**To do**
Because only the text is wanted, repeat the records below exactly and omit the pictures.

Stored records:
□ □ □

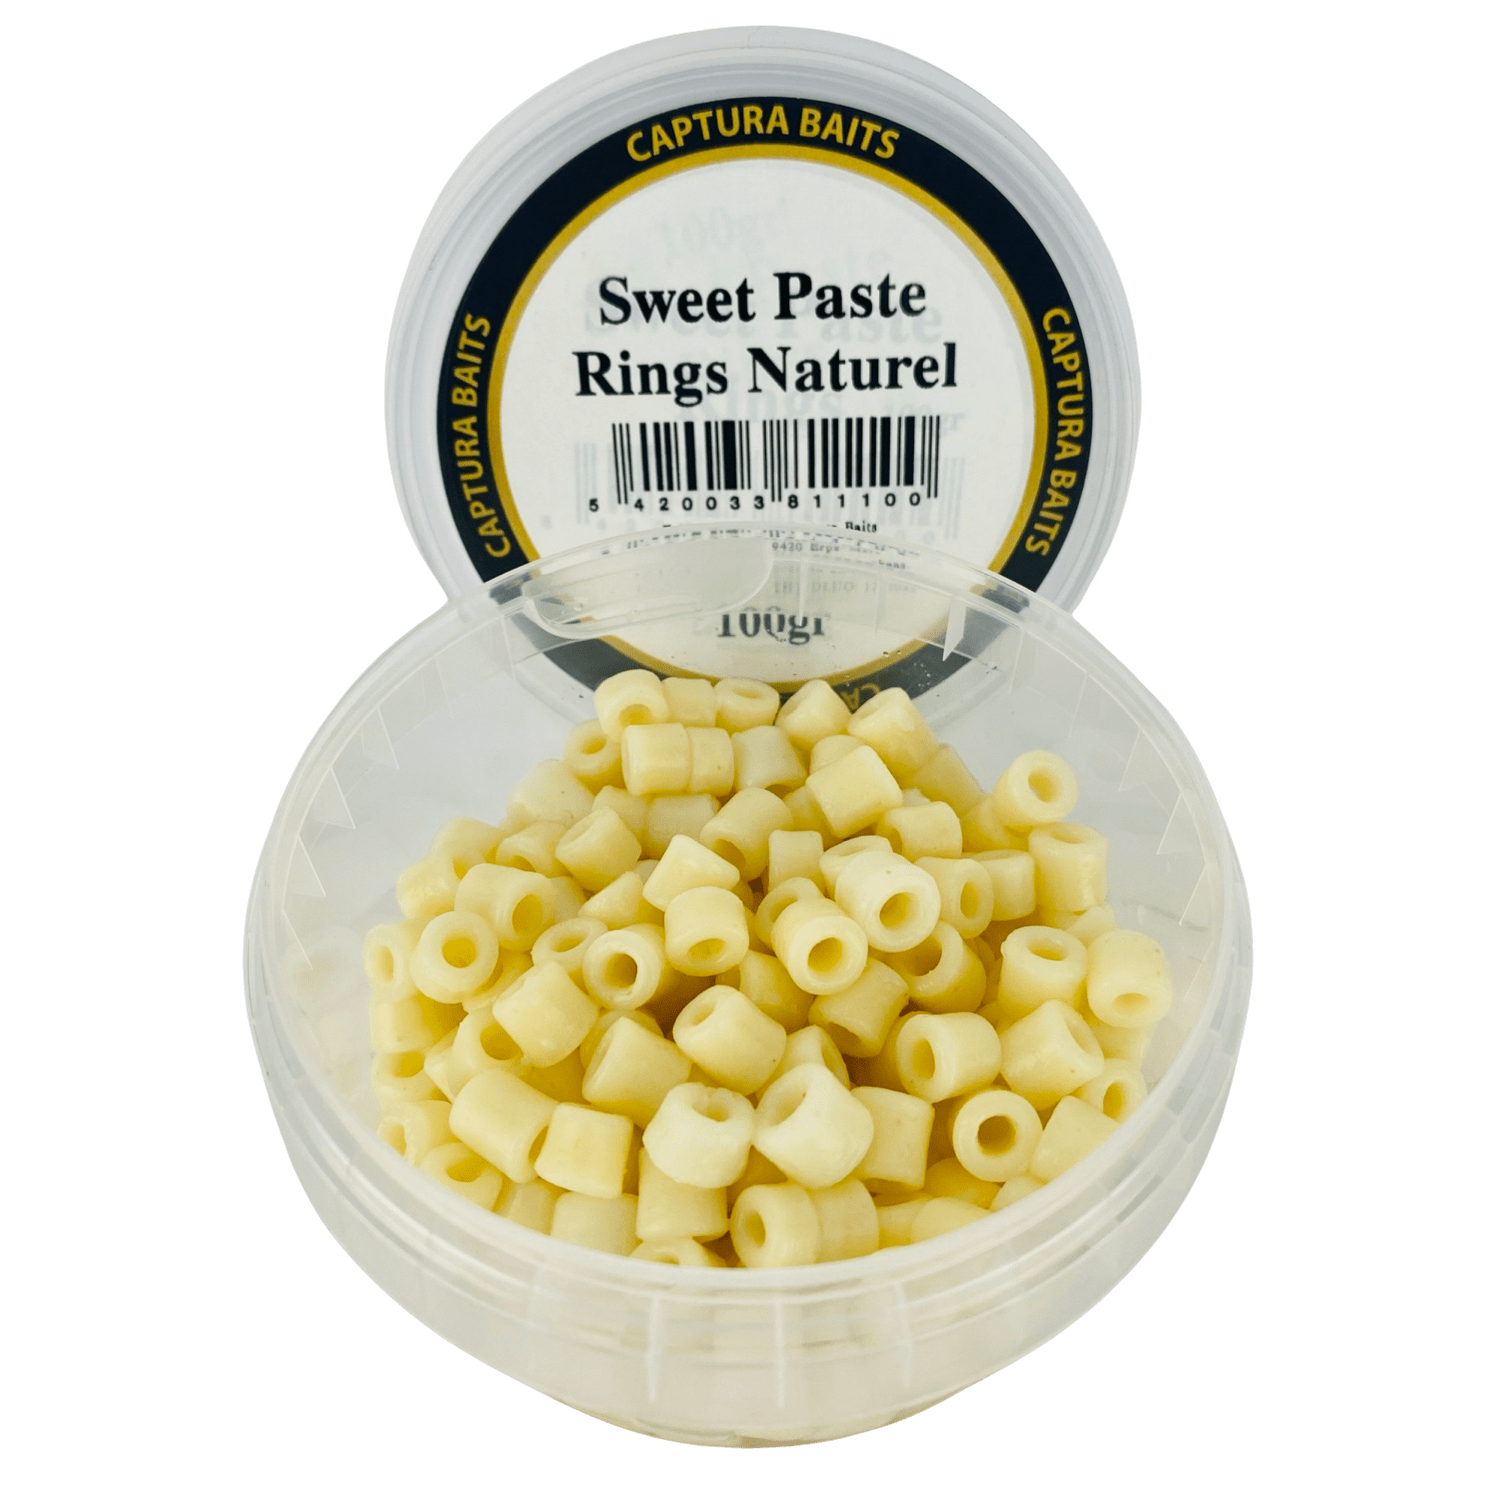 captura baits sweet paste rings pasta macaroni naturel
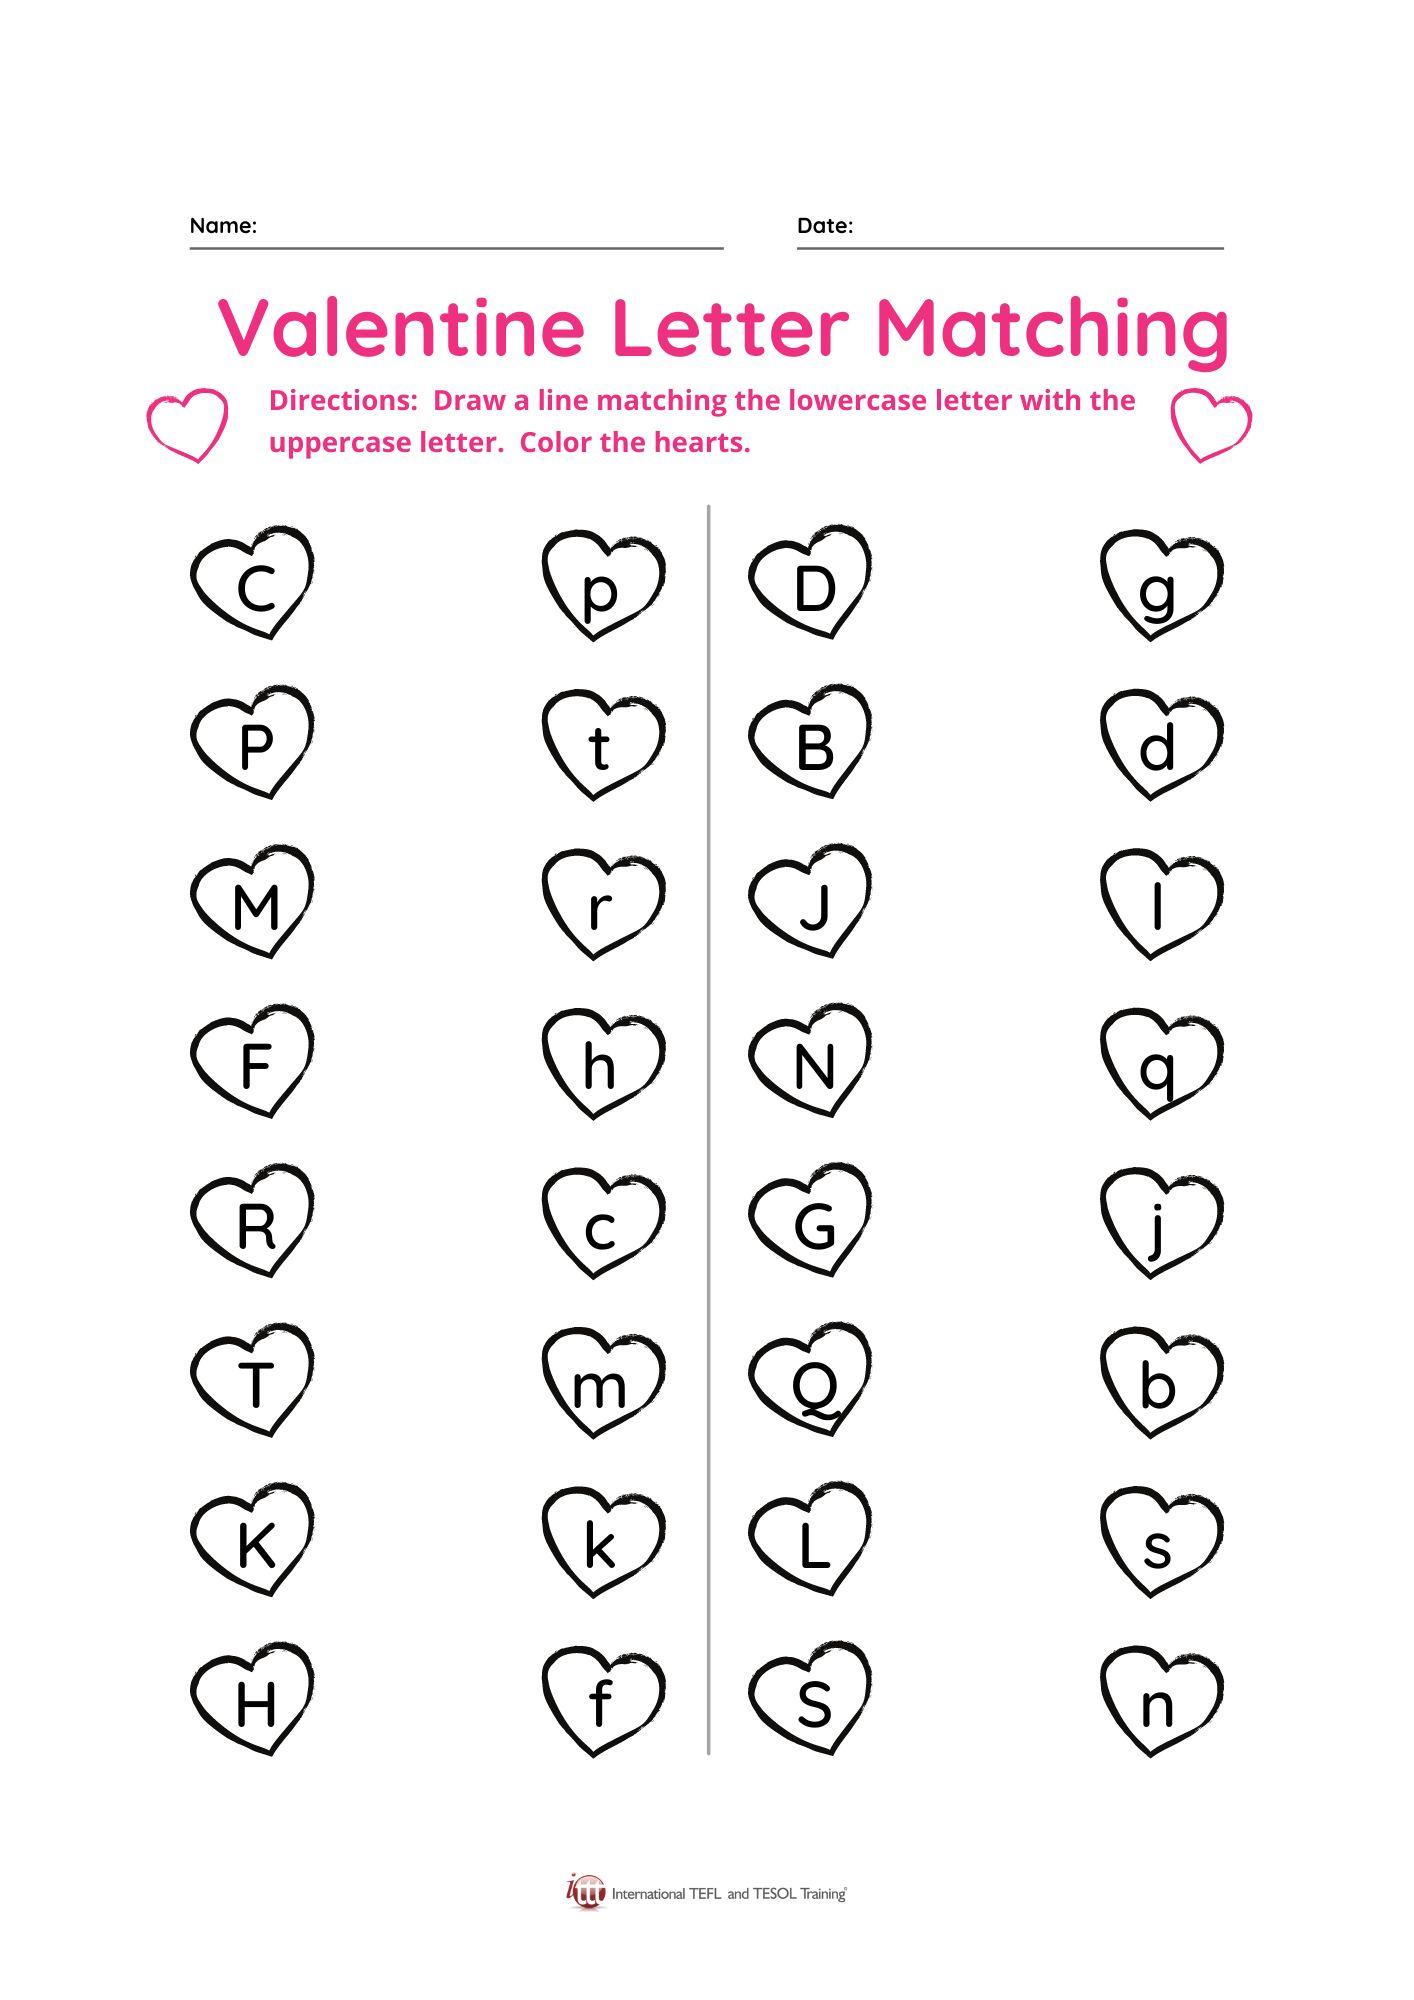 Grammar Corner Valentine Letter Matching
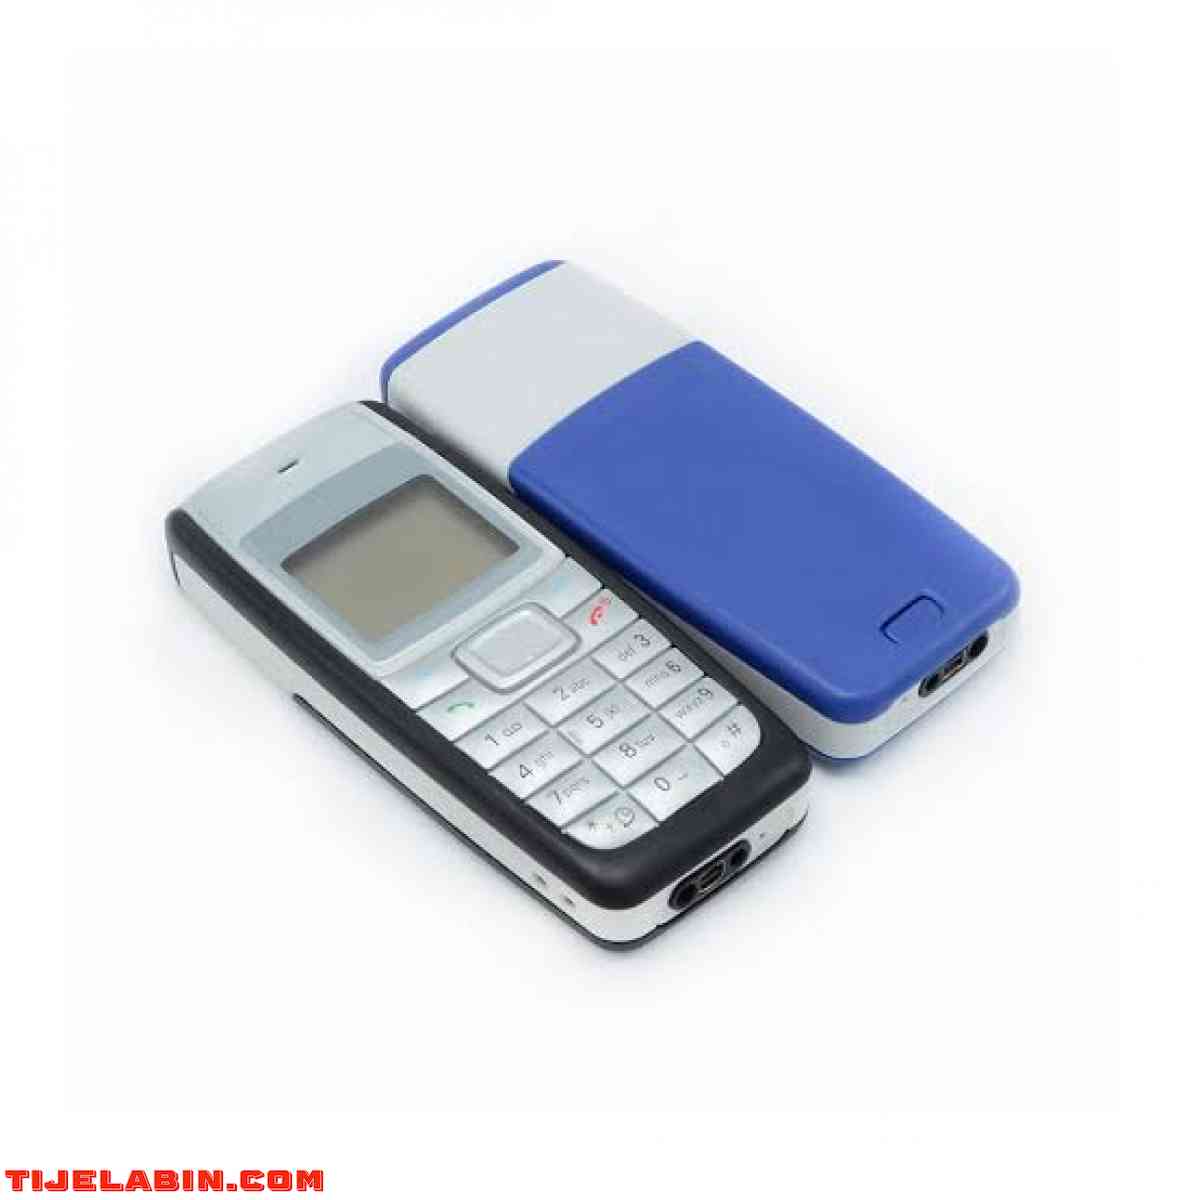 Nokia1110
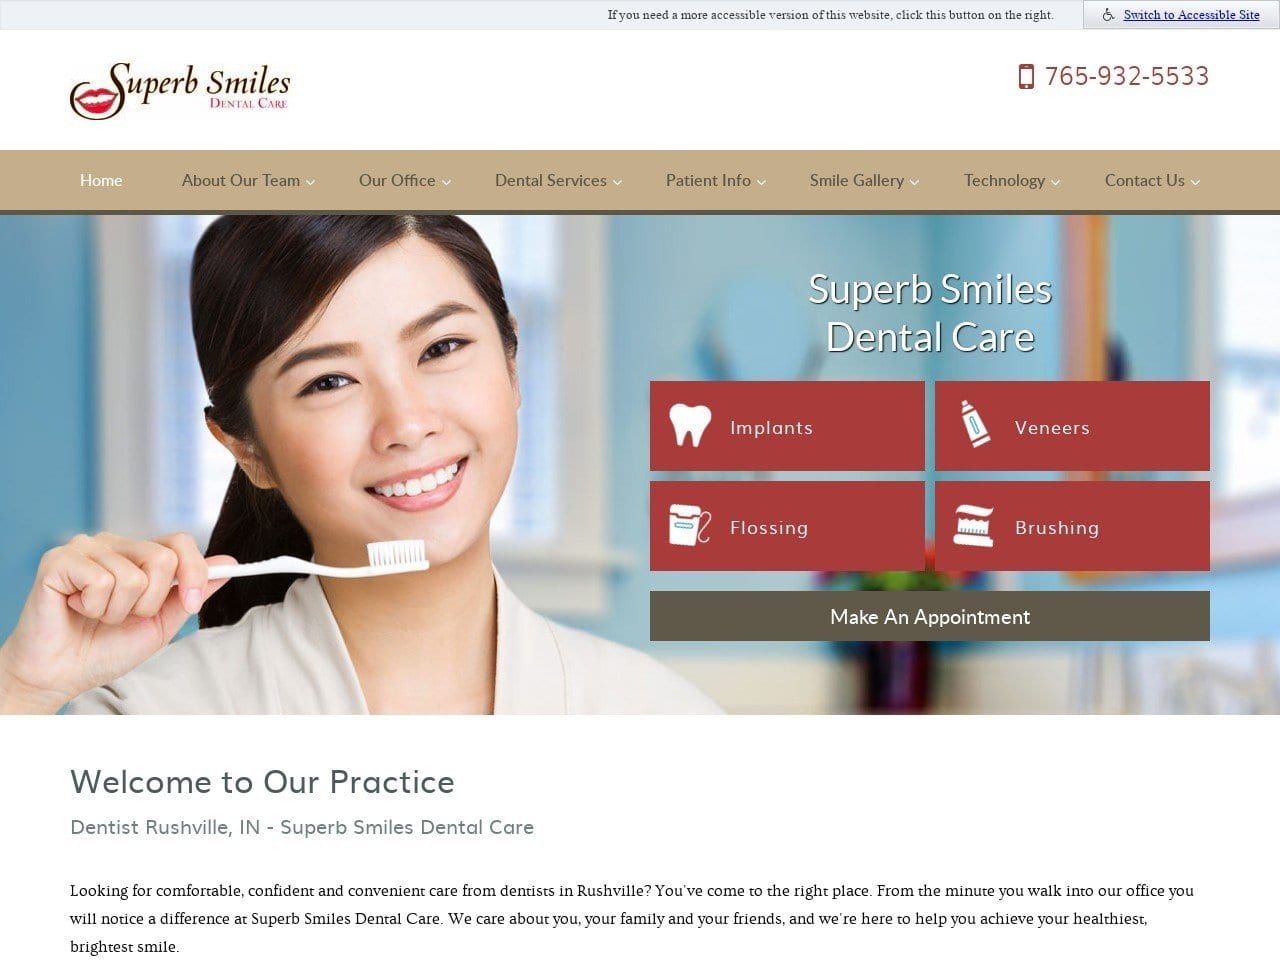 Superb Smiles Dental Care Website Screenshot from superbsmiles.net
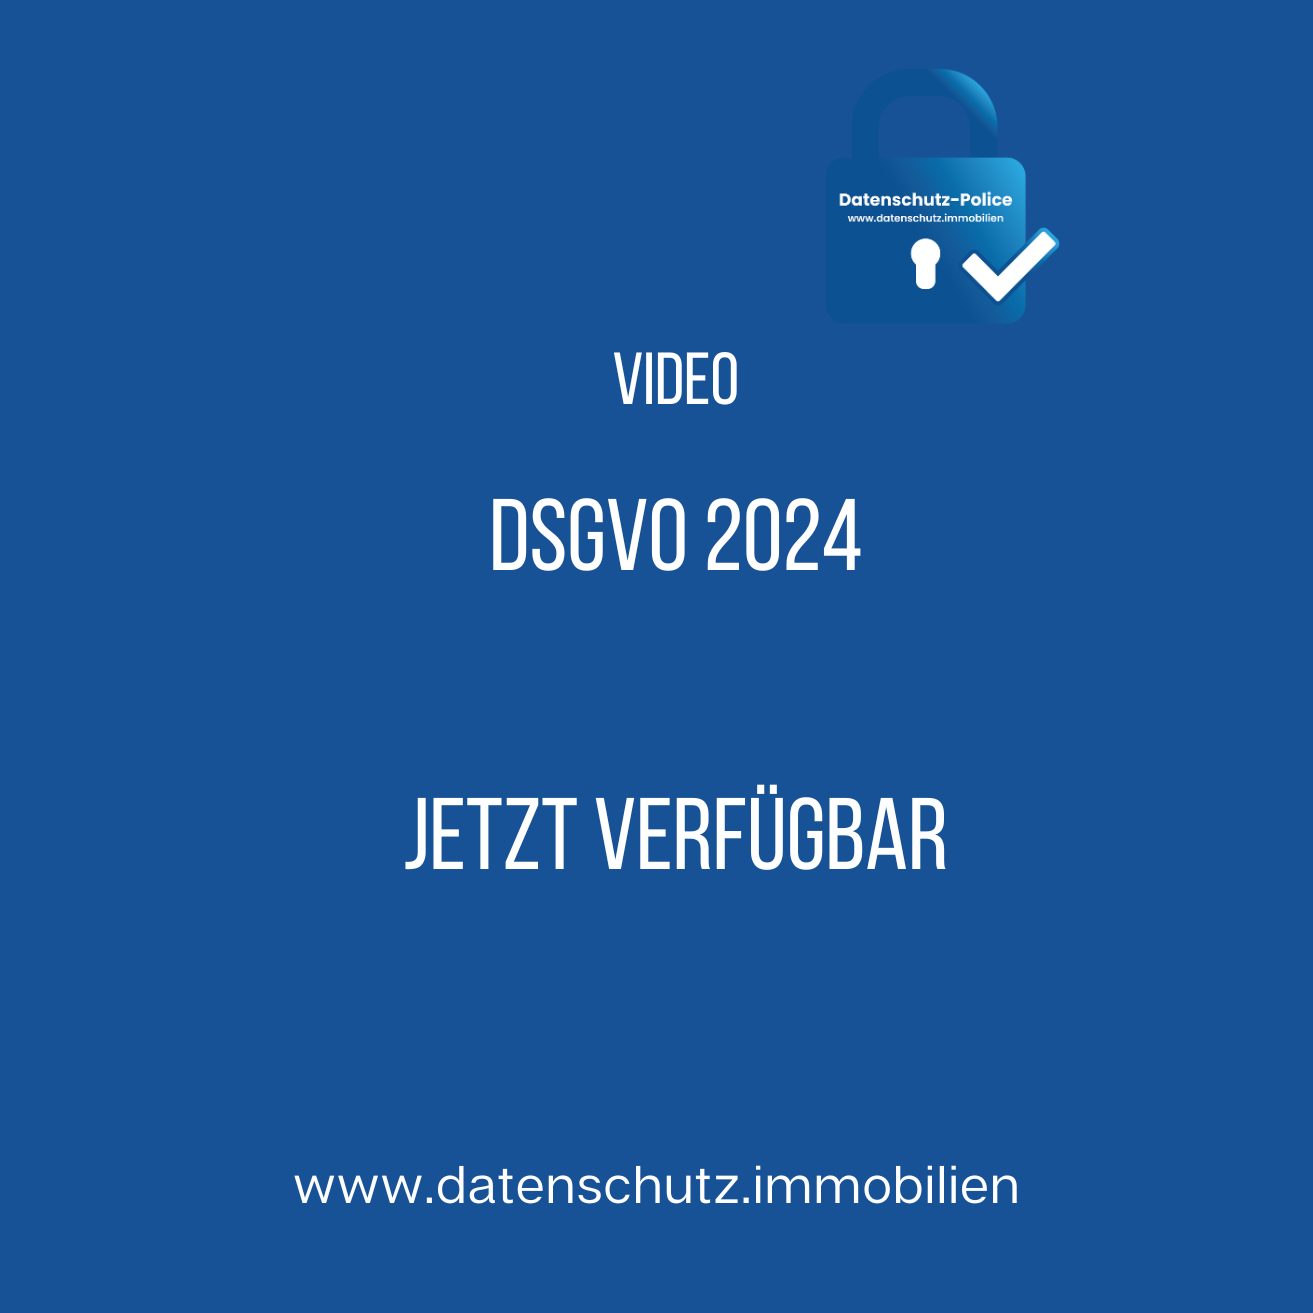 DSGVO 2024

□ □ □

**Written solution**
 captura baits sweet paste rings pasta macaroni naturel
 Grammar Corner Valentine Letter Matching
 Nokia1110
 Superb Smiles Dental Care Website Screenshot from superbsmiles.net
 DSGVO 2024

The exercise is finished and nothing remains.